On the morning of 27 May 1977, the Nitistas attacked São Paulo prison and released its prisoners, while others arrested members of the government and imprisoned them at Sambizanga. They captured the radio station and started broadcasting anti-government appeals, but when they called for a mass demonstration outside the presidential palace, they only managed to bring together 500 people. The military faction was only able to briefly capture one barracks, but it was quickly taken back and most soldiers remained loyal to the government. Alves himself was shocked to find out that Cuban troops in the country had immediately sided with Neto's government, which prompted him to question his "understanding of scientific socialism".

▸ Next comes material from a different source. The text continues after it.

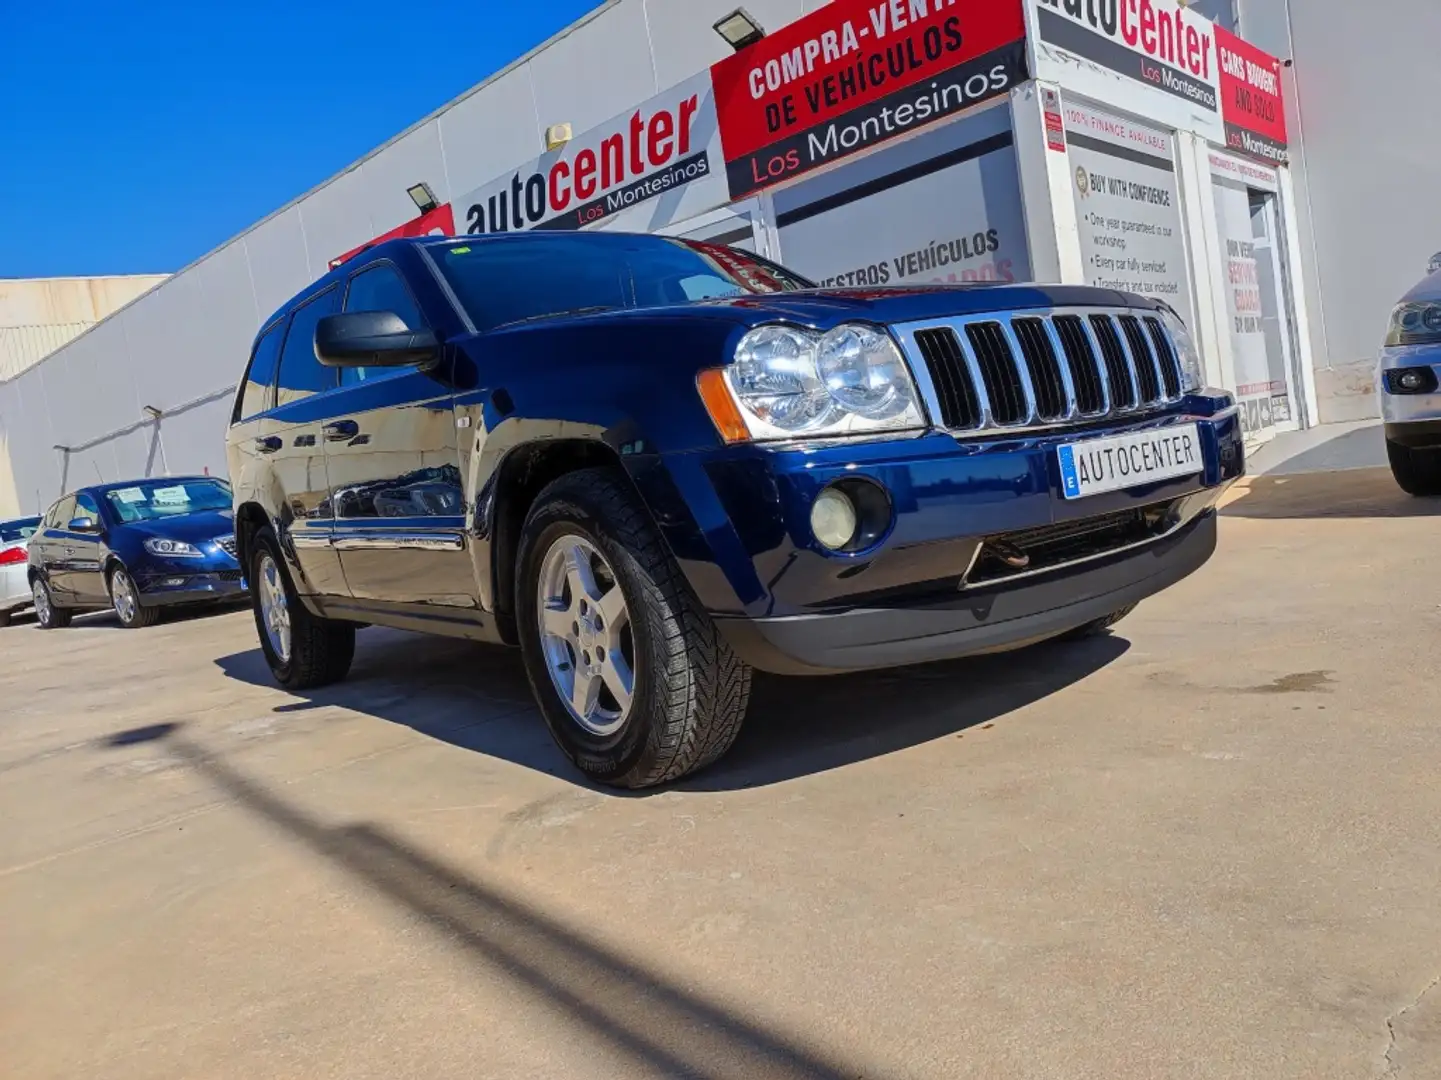 Jeep Grand Cherokee 3.0CRD V6 Limited Aut. Blauw - 1

By mid-day, the Angolan army had dispersed the demonstrators at the palace and regained control of the radio station. At 13:30, the mutinous Ninth Armoured Brigade had surrendered and the coup was over. Other Nitista attempts throughout the rest of the country were also neutralised, or were never able to manifest in the first place. But by the time that President Neto declared victory over the coup in a radio broadcast, Nito Alves had already ordered the execution of several leaders of the MPLA and FAPLA; this prompted widespread calls for the coup leaders to themselves be executed.

In the wake of the coup, the MPLA carried out hundreds of arrests in Luanda, Nitistas were purged from office and several Nitista CPBs were dissolved. In the wake of the coup's suppression, the Angolan economy rapidly began to improve and the MPLA was finally united with complete control of the country's political system. While leading Nitistas were captured, Nito Alves fled north. He arrived in his hometown of Piri after six weeks of walking, but was immediately given up to the FAPLA. On 7 July 1977, Alves was arrested, bringing a definitive end to the Nitista insurrection. A military tribunal was established to try Alves and other Nitista leaders. The authorities investigated Alves for collaboration with UNITA, but no evidence of such was found. Alves was executed by firing squad on 14 July 1977.